Friday, January 22, 2016

Understanding Quaker Records

Compiled by Joy Ikelman, January 2016. All disclaimers apply. Information for this article came
from scholarly works and my personal experiences.

Understanding Quaker Records

Researching a Quaker ancestor is a challenge! Quaker traditions and customs affect
how you should interpret data—even Federal Census records.


The following information applies to Quaker research from the 1600s to about 1828. In
1828, the Society of Friends split along doctrinal lines. If you are doing research beyond
1828, some of the same information will apply, depending on the location or doctrinal
leaning of the Meeting.


This is an example of minutes written on 30 of 1 m 1833 at the Norwich (Canada) Monthly Meeting.
Benjamin West is mentioned. Following this is a note about the visit of Joseph Hoag, a respected
minister. West and Hoag were probably fourth cousins.


(1) A Friend didn’t usually live down the street from his Meeting place.
If you discover your ancestor is associated with a particular Quaker Meeting location, it doesn’t
necessarily mean that he lived in that town. He might not be in the same county, State, or
country! For example, during the 1790s, the Nine Partners Meeting in Dutchess County, New
York, held jurisdiction over Meetings in Canada.

As membership increased in the late 1700s and early 1800s, Meetings were divided into
associated units—from gatherings in homes, to Preparative Meetings, Monthly Meetings,
Quarterly Meetings, and the Yearly Meeting. Beginning in the 1820s, the Meeting units divided
again, this time into Orthodox versus Hicksite (or other Quaker movements). Always follow the
non-Quaker paper trail using Federal Census records or court documents to find your ancestor’s
actual location.

(2) Quaker data are found in Meeting minutes.
Every Meeting was managed much like a business. Detailed Meeting minutes were written in
record books. In these handwritten books there might be birth records, inventories, membership
transfers, disciplinary actions, etc. There were Men’s Meeting Minutes and Women’s Meeting
Minutes, as the genders were considered to be equal. Dates of Meetings were listed with the
day of the month, month designator, and year, i.e. “20 of 12 m 1822.” Pay close attention to
these:

     Quaker Census.
A Meeting’s membership list (also called a Quaker census) might include
all members’ birthdates and birthplaces.

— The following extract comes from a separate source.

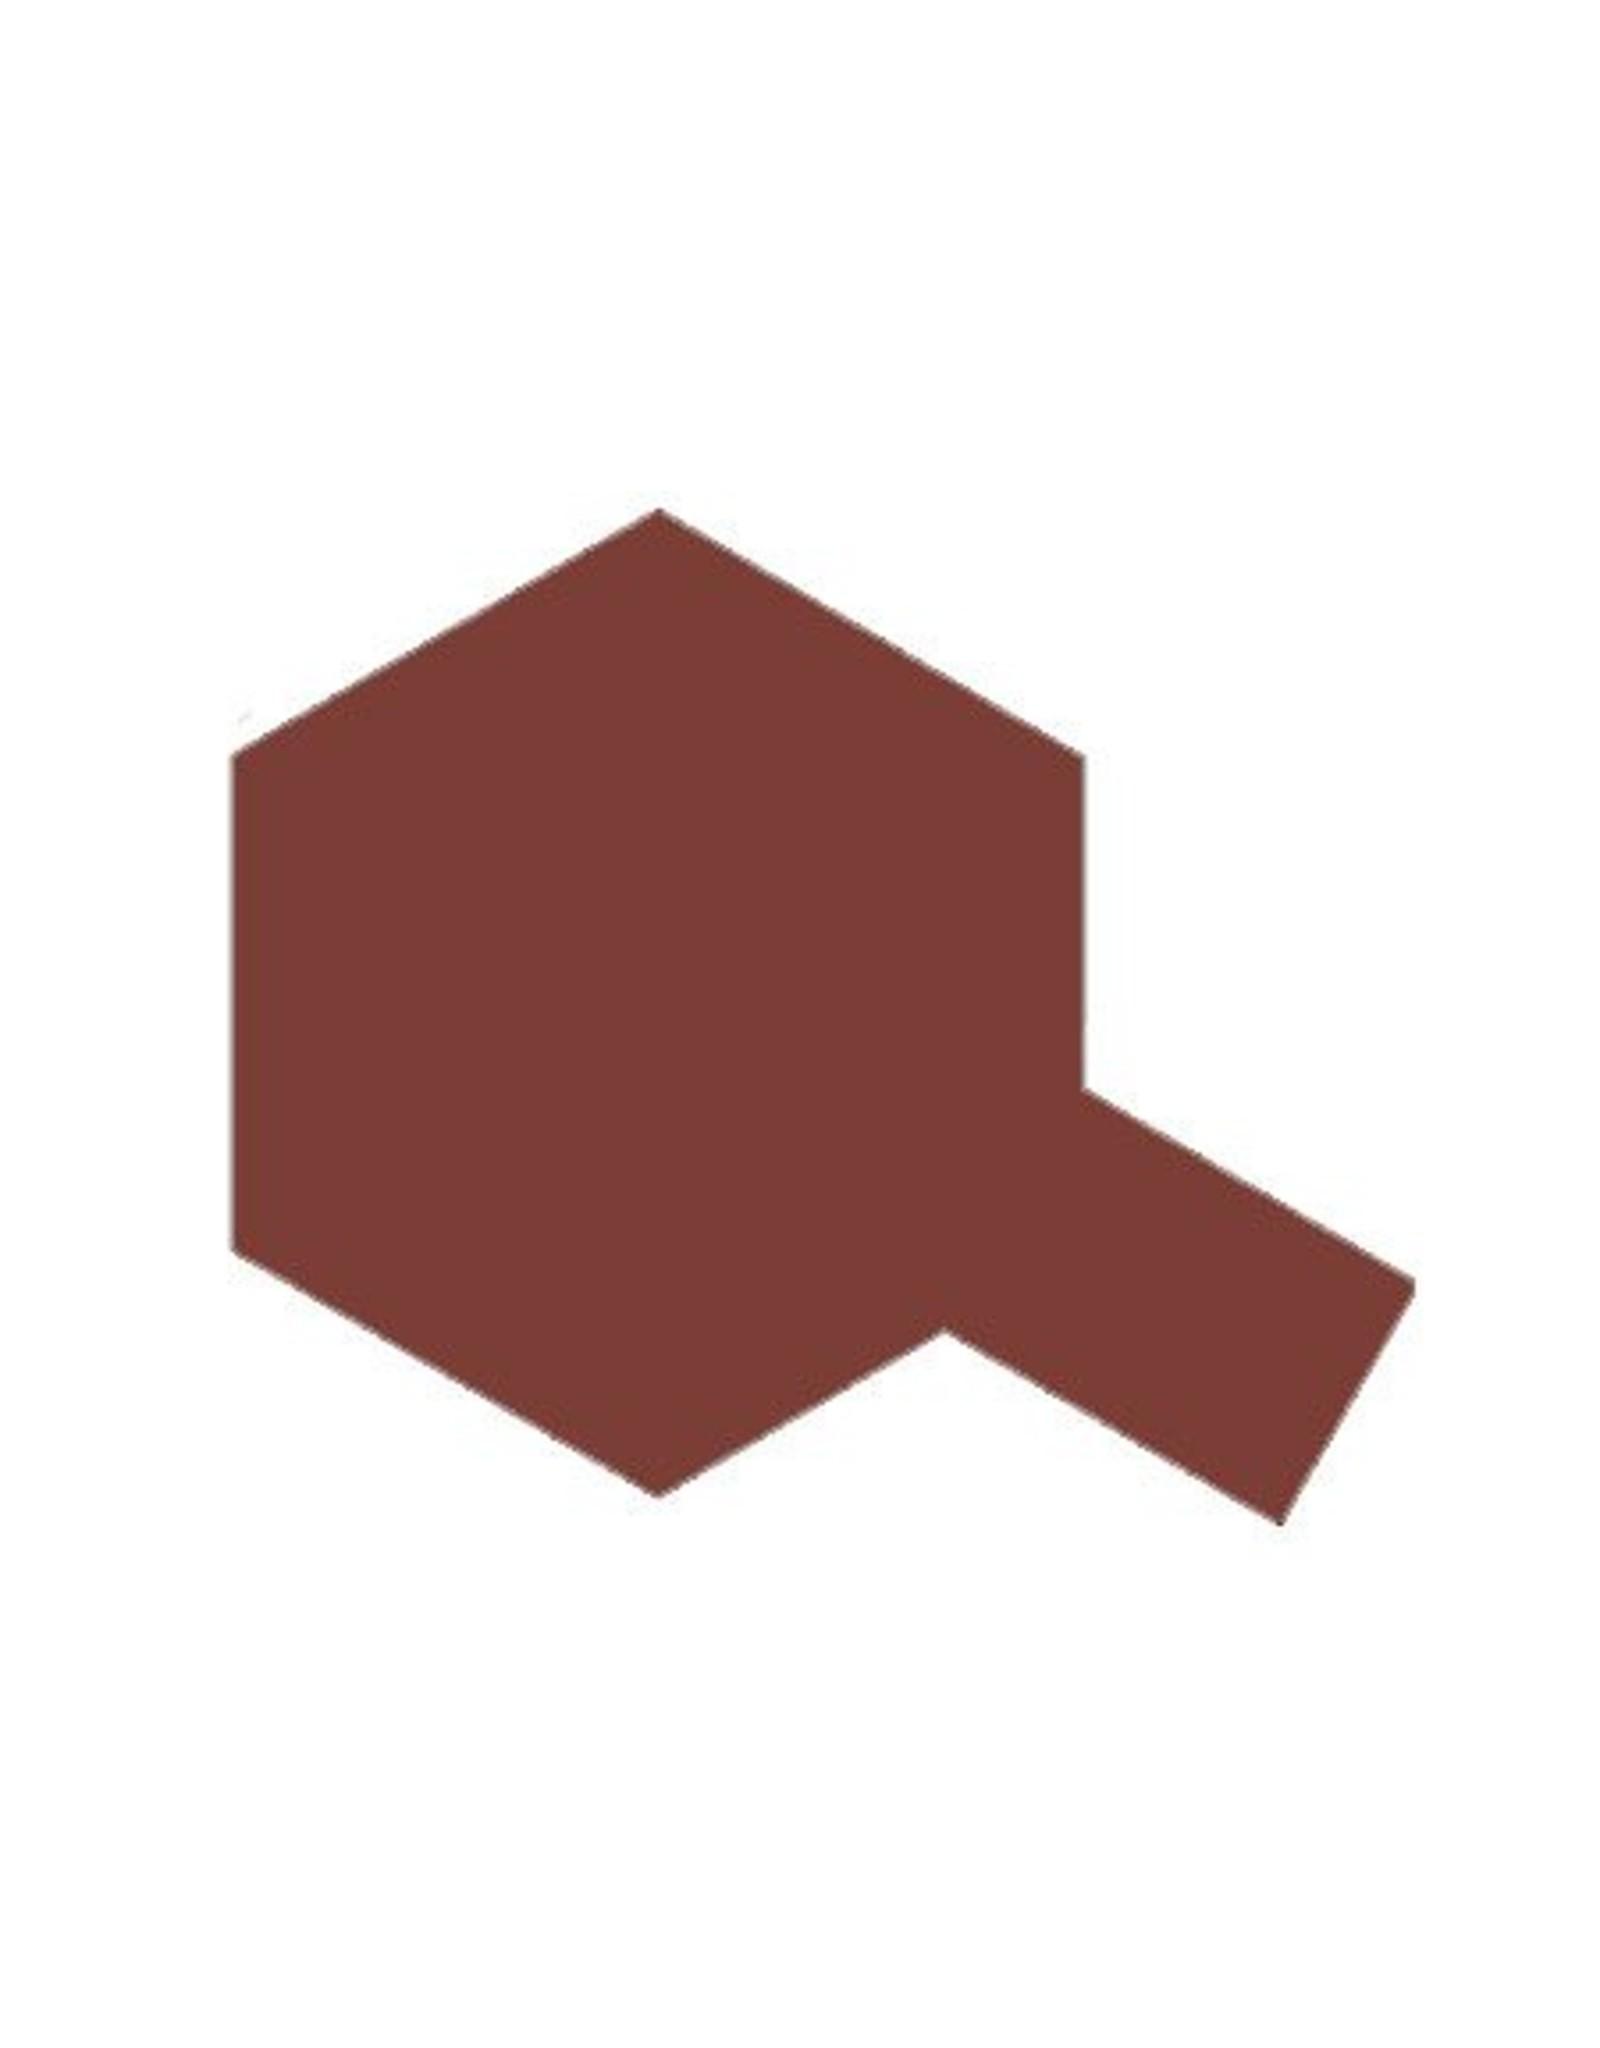 Tamiya Acrylic X-9 Brown

Usually the list will only include names for a
particular year. But some lists span several years—adding new members but not
subtracting those who have died or moved to another location.

     Birth Records. By writing the baby’s name in the official book, the Meeting (as a
congregation) promised to take care of the child should anything happen to the parents.
There are no Quaker baptisms. In general, a firstborn boy was named after his mother’s
father. A firstborn girl was named after her father’s mother. Names did not have to be
Biblical.

     Marriage Records. When you find a marriage record, it is actually an acknowledgement
that two people declared their marriage to each other. No minister or legal official was
required. No elaborate ceremony was held. A certificate (document) would be drawn up. It
would be signed by witnesses at the Meeting, and copied into the minutes.

     Death Records. A mention of a Friend’s death in a record is highly unusual. Burials were
simple, without ceremony. Usually there was no marker (tombstone). This tradition
changed over the years. After the 1820s, there were often markers but these were not
ornate. These customs reflected the belief that all people were equal in life and death.

     Quaker Discipline. Disciplinary actions were designed to keep Friends on the proper
path. Discipline might be required for disorderly conduct, immodesty, inappropriate
language, and not attending the Meeting. In all cases, there were chances to be in good
favor again—with a change in behavior, writing an apology, and/or doing work in the
service of the Meeting.

     Dismissals.
Dismissals from the Meeting happened occasionally. The family historian
might think, “That’s the end of it—my ancestor was no longer a Quaker after that.” Not
true! A Friend could offer an apology, usually written, expressing his understanding of the
dismissal. After consideration by committee, the individual was allowed to return to the
Meeting. The most common reason for dismissal was “marriage out of unity.” Another
common reason was not adhering to Quaker beliefs. This reason was used often in the
years up to the major schism of 1828.

(3) The United States Census records can be tough to interpret.
If you attempt to correlate 10-year census records with what you know about your Quaker
ancestors, you may feel like giving up. There are too many or too few children! Some are in the
wrong age group! These issues show up in 1790 to 1840 census records, because children’s
names are not listed.

We know the usual explanations: high infant mortality and census-taker errors, for example. But
there may be other reasons, and these have to do with Quaker customs.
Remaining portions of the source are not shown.